Der Mönch und sein Sohn

Ein alter Mönch saß vor seinem Kloster und betrachtete den Sonnenuntergang.

Neben ihm saß sein Sohn.

Der Sohn war bekannt dafür, immer die falschen Fragen zur richtigen Zeit zu stellen.
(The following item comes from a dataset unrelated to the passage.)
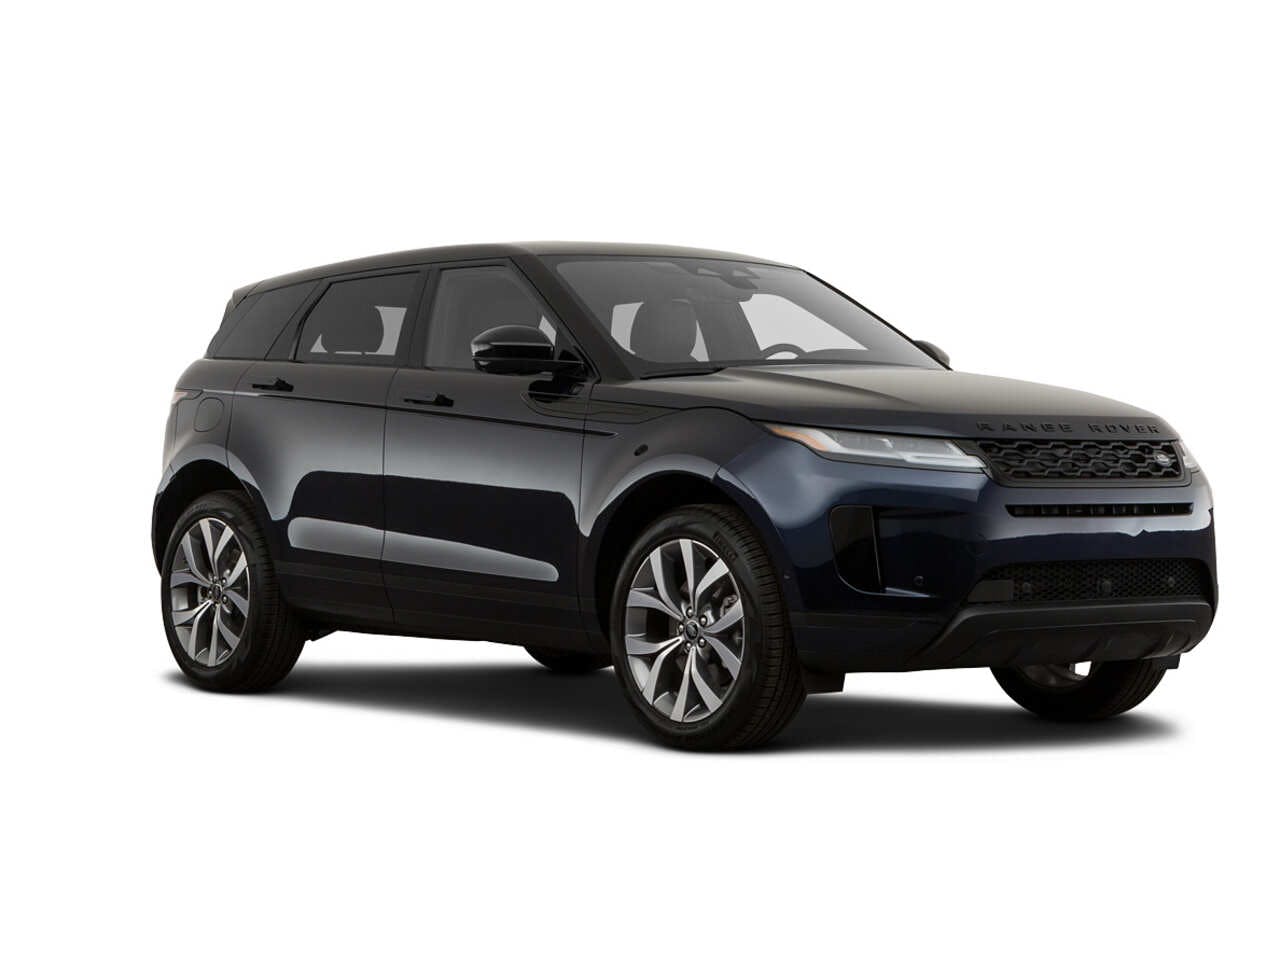 2021 Land Rover Range Rover Evoque Review

Eine Weile schwiegen beide.

Dann fragte der Sohn:

„Vater, wann wird ein Mensch weise?“

Der Mönch dachte lange nach.

Schließlich antwortete er:

„Wenn er erkennt, dass er nicht alles weiß.“

Der Sohn nickte.

„Und wann wird ein Mensch erleuchtet?“

Der Mönch dachte noch länger nach.

Dann sagte er:

„Wenn er erkennt, dass er auch das nicht weiß.“

Der Sohn überlegte.

Dann begann er zu grinsen.

„Und wann wird ein Mensch wirklich frei?“

Der Mönch lächelte.

„Wenn er aufhört, gegen die Wahrheit zu kämpfen.“

Der Sohn dachte nach.

Dann begann er laut zu lachen.

Der Mönch runzelte die Stirn.

„Was ist so lustig?“

Der Sohn antwortete:

„Die meisten Menschen kämpfen ihr ganzes Leben gegen die Wahrheit und nennen es Erkenntnis.“

Der Mönch schwieg.

Nach einer Weile nickte er.

„Das war eine gute Antwort.“

Der Sohn grinste.

„Danke. Die habe ich von dir gelernt.“

Der Mönch lächelte.

„Dann habe ich wohl doch nicht alles falsch gemacht.“

Der Sohn lachte noch lauter.

„Siehst du! Genau deswegen mag ich dich.“

„Warum?“

„Weil du über dich selbst lachen kannst.“

Der Mönch betrachtete lange den Horizont.

Dann sprach er:

„Wer nicht mehr über sich selbst lachen kann, wird Gefangener seiner eigenen Geschichte.“

Der Sohn nickte.

„Und wer wieder über sich selbst lachen kann?“

Da begann der alte Mönch herzlich zu lachen.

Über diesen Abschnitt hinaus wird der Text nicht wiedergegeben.